One of the many fascinating threads from the Constitutional Law panel at AALS on Griswold was the connection between the contraception cases and poverty law. Cary Franklin spoke about the under-remembered aspect of Griswold as a poverty law case. Griswold, after all, involved a birth control clinic: it was not just about access to birth control, but about the ability of poor women to access birth control. Prior to the Griswold decision in 1965, Connecticut and other states selectively enforced birth control laws against clinics, leaving wealthier women and couples free to violate the law with the help of their doctors. Although the Court downplayed this aspect of the case, Franklin argued that the case should be read in the context of its time, when the Court was repeatedly challenging barriers to access for the poor to basic rights and social inclusion, including the rights to vote (Harper, 1966), to counsel in criminal cases (Gideon, 1963), to court transcripts (Griffin, 1956), and to travel (Shapiro, 1969). It also occurred, I would add, in a time of increased federal legislative and administrative commitment to access to medical care for the poor (Medicaid, Community Health Centers) and to programs that supported child-rearing such as Head Start.

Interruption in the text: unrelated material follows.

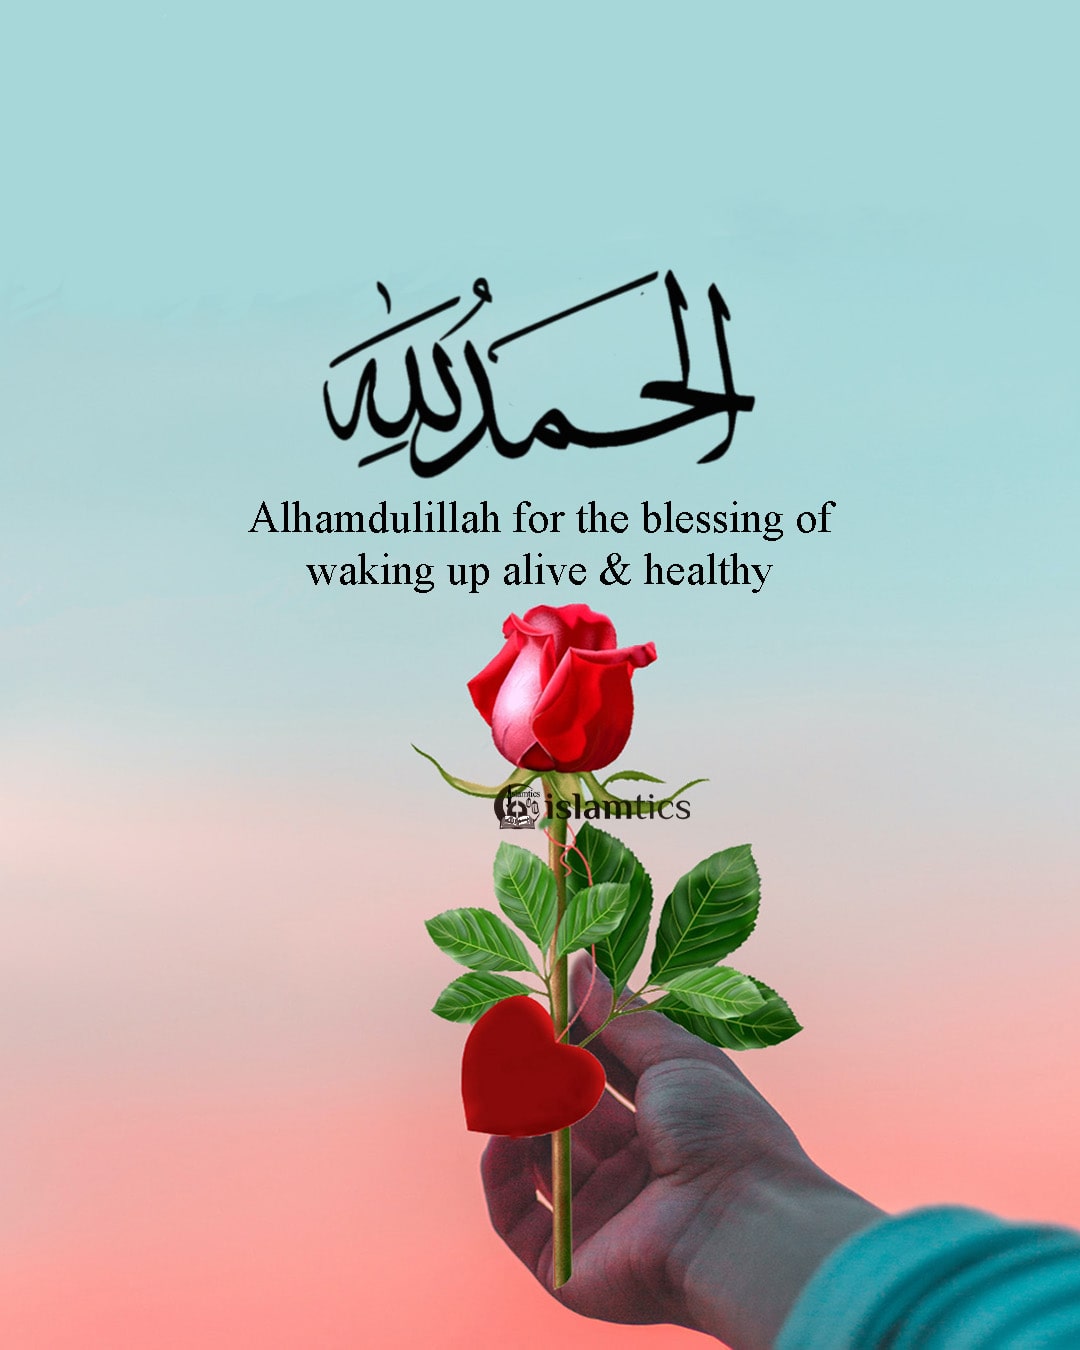 Alhamdulillah for waking up alive & healthy | islamtics

Also on the panel, Melissa Murray discussed the forgotten contraception case of Trubek v. Ullman. Trubek was a parallel case to Poe v. Ullman and Doe v. Ullman, where the Court punted the topic to its future self by holding the challenges non-justiciable. While Poe and Doe presented claims for contraceptive rights within traditional marriages, Trubek presented contraception as a component of a professional woman’s control over child bearing decisions and ability to work with her husband to balance work and family obligations. Louise Trubek and her husband David were students at Yale Law School, and they made these issues central to their complaint, which the Connecticut Supreme Court had noted. As Murray pointed out, the combined nature of liberty and equality claims was more fully apparent in Trubek than in either Poe or Griswold.
Although Trubek did not, on its face, involve issues of poverty, for scholars and practitioners of poverty law it most certainly did: Louise Trubek (now a Professor Emerita at Wisconsin Law School) has long been a leader in the field of poverty and public interest law (the casebook she co-authored with Julie Nice helped many of us teach Poverty Law through the post-welfare reform years of the 1990s and early 2000s). As Trubek herself discusses, the Connecticut litigation was specifically aimed at opening birth control clinics to serve the poor. For women in poverty, the ability to plan child-bearing greatly increases their chances to escape poverty through paid labor. The life-long social justice concerns that inspired Louise and David Trubek to join the litigation epitomized the intersection between gender and class justice that Cary Franklin argues has been lost from the popular history of Griswold. By recovering this history, we may be reminded just how intertwined are the problems of class and gender freedom and equality, and how the de-emphasis of class discourse in constitutional law has inhibited gains in freedom and equality for women generally.